Objective: Analyses of individual differences in change may be unintentionally biased when versions of a neuropsychological test used at different follow-ups are not of equivalent difficulty. This study's objective was to compare mean, linear, and equipercentile equating methods and demonstrate their utility in longitudinal research.
Study design and setting: The Advanced Cognitive Training for Independent and Vital Elderly (ACTIVE, N = 1,401) study is a longitudinal randomized trial of cognitive training. The Alzheimer's Disease Neuroimaging Initiative (ADNI, n = 819) is an observational cohort study. Nonequivalent alternate versions of the Auditory Verbal Learning Test (AVLT) were administered in both studies.
Results: Using visual displays, raw and mean-equated AVLT scores in both studies showed obvious nonlinear trajectories in reference groups that should show minimal change and poor equivalence over time (ps ≤ .001), and raw scores demonstrated poor fits in models of within-person change (root mean square errors of approximation, RMSEAs > 0.12).

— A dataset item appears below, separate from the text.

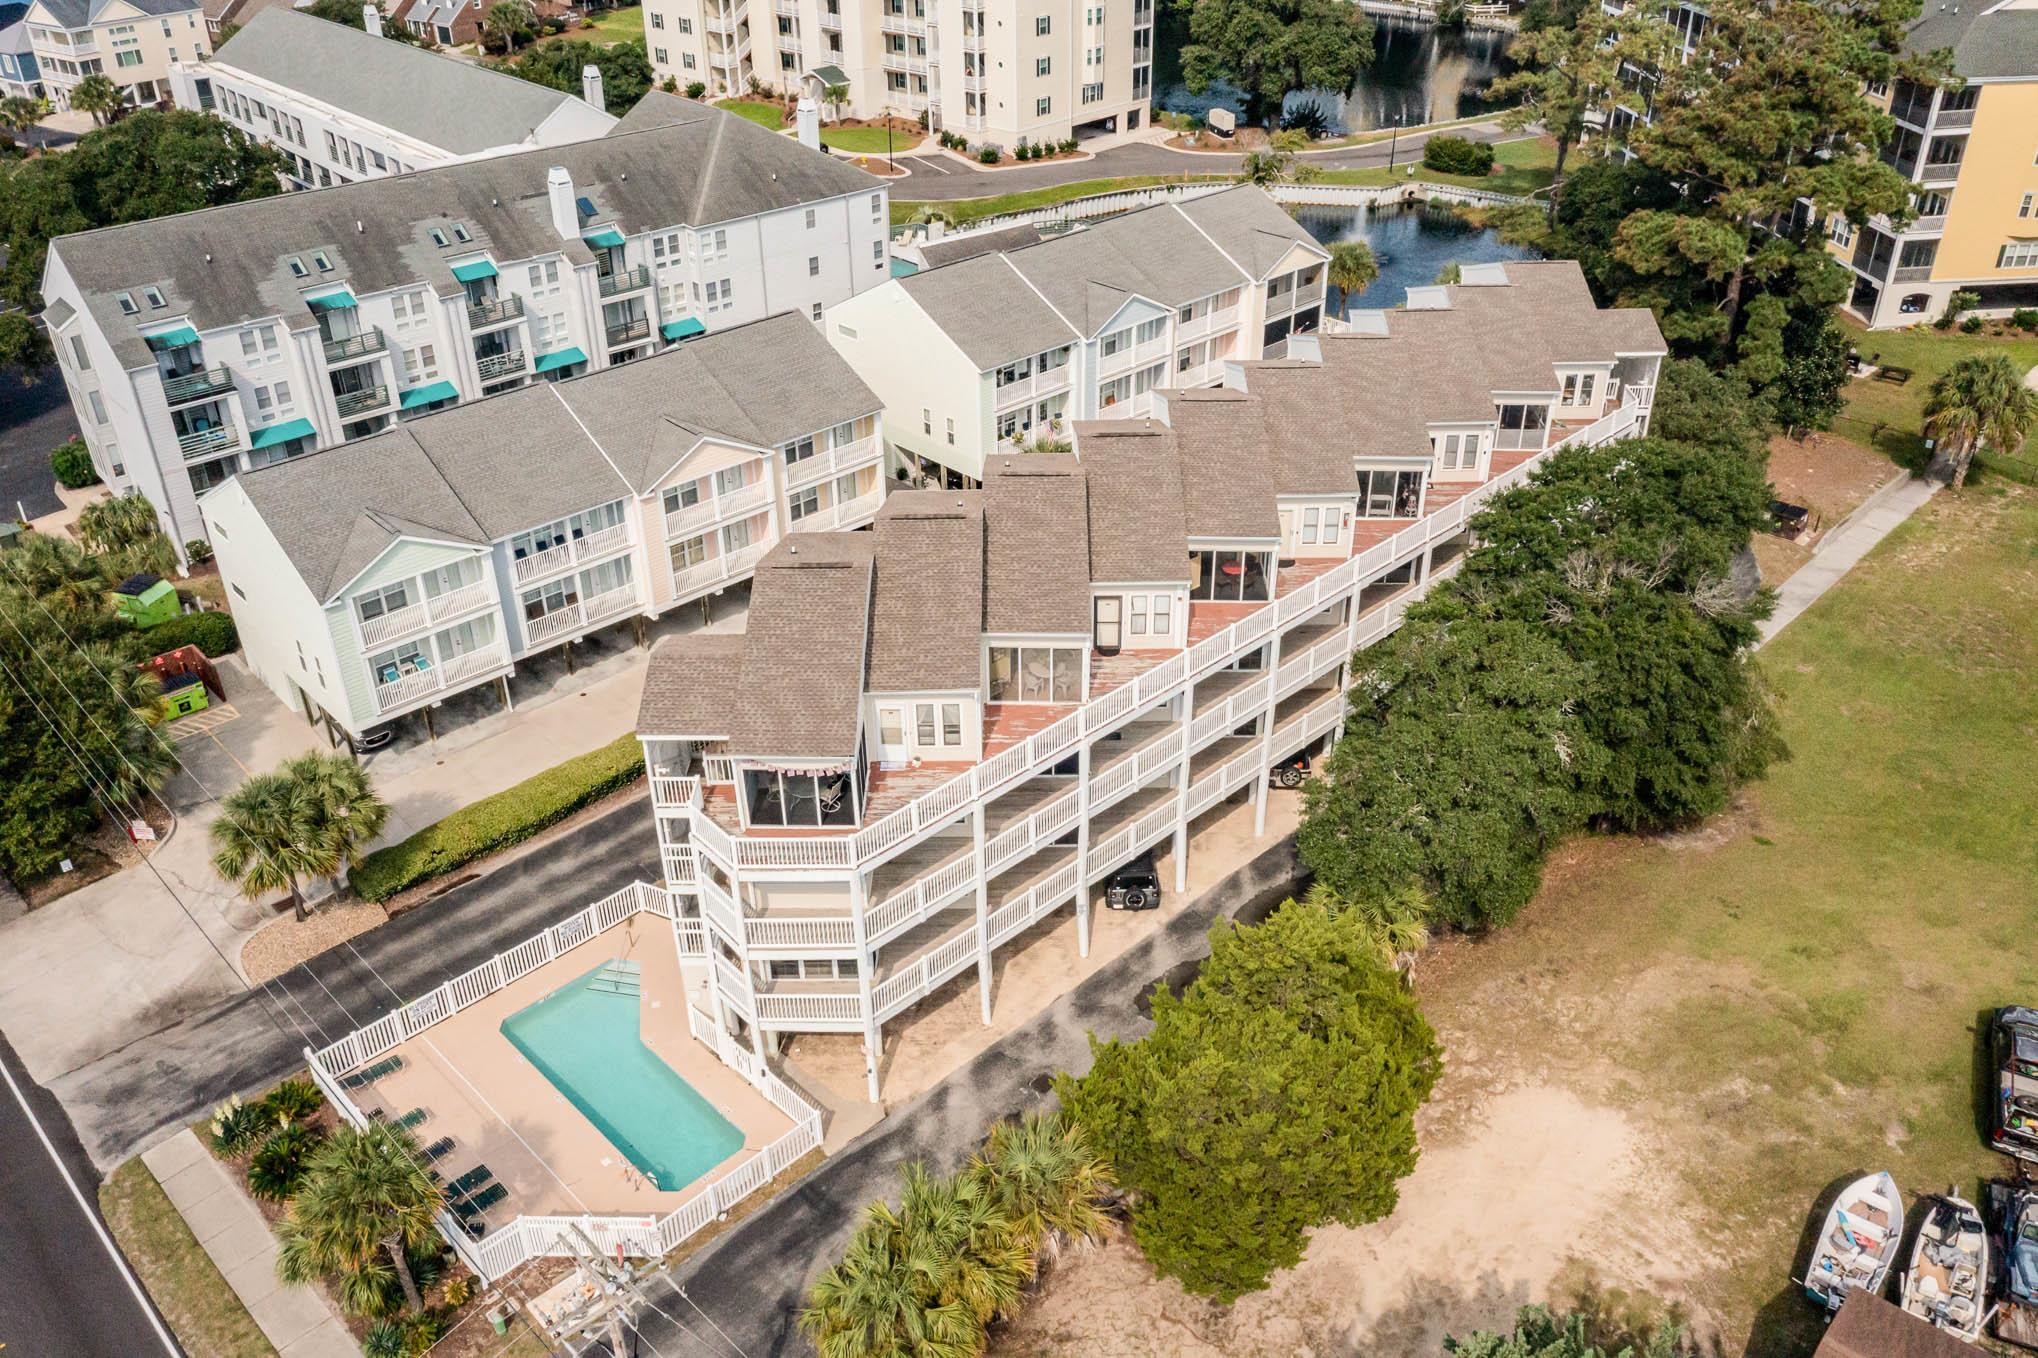 turn-key investment opportunity, walking distance to the beach, fully updated and fully furnished. this vibrant coastal 2-bedroom, 2-bathroom condo is just one block from the ocean and two blocks from main street where you can enjoy live music, shopping, dining and shagging. the condo has been beautifully updated in modern coastal fashion giving a bright and fresh feel. the kitchen has been updated with quartz countertops, bright cabinets, stainless steel appliances, and has everything you need to prepare a dining experience. the living and dining areas have plenty of seating for guests and the living room has a new queen sleeper sofa. step into the cozy bedrooms, each outfitted with new beds and mattresses, promising restful nights and rejuvenating mornings. both bedrooms have ensuite bathrooms with tub/shower combos and both share a balcony where you can enjoy an evening cocktail. convenience is paramount with a washer/dryer combo conveniently located within the unit. plus, the complex amenities include a refreshing pool, perfect for cooling off on warm coastal afternoons. don't miss your opportunity to experience coastal living at its finest – schedule your private showing today and make this turnkey paradise your own coastal retreat or investment property.

Linear and equipercentile equating produced more similar means in reference groups (ps ≥ .09) and performed better in growth models (RMSEAs < 0.05).
Conclusion: Equipercentile equating is the preferred equating method because it accommodates tests more difficult than a reference test at different percentiles of performance and performs well in models of within-person trajectory. The method has broad applications in both clinical and research settings to enhance the ability to use nonequivalent test forms.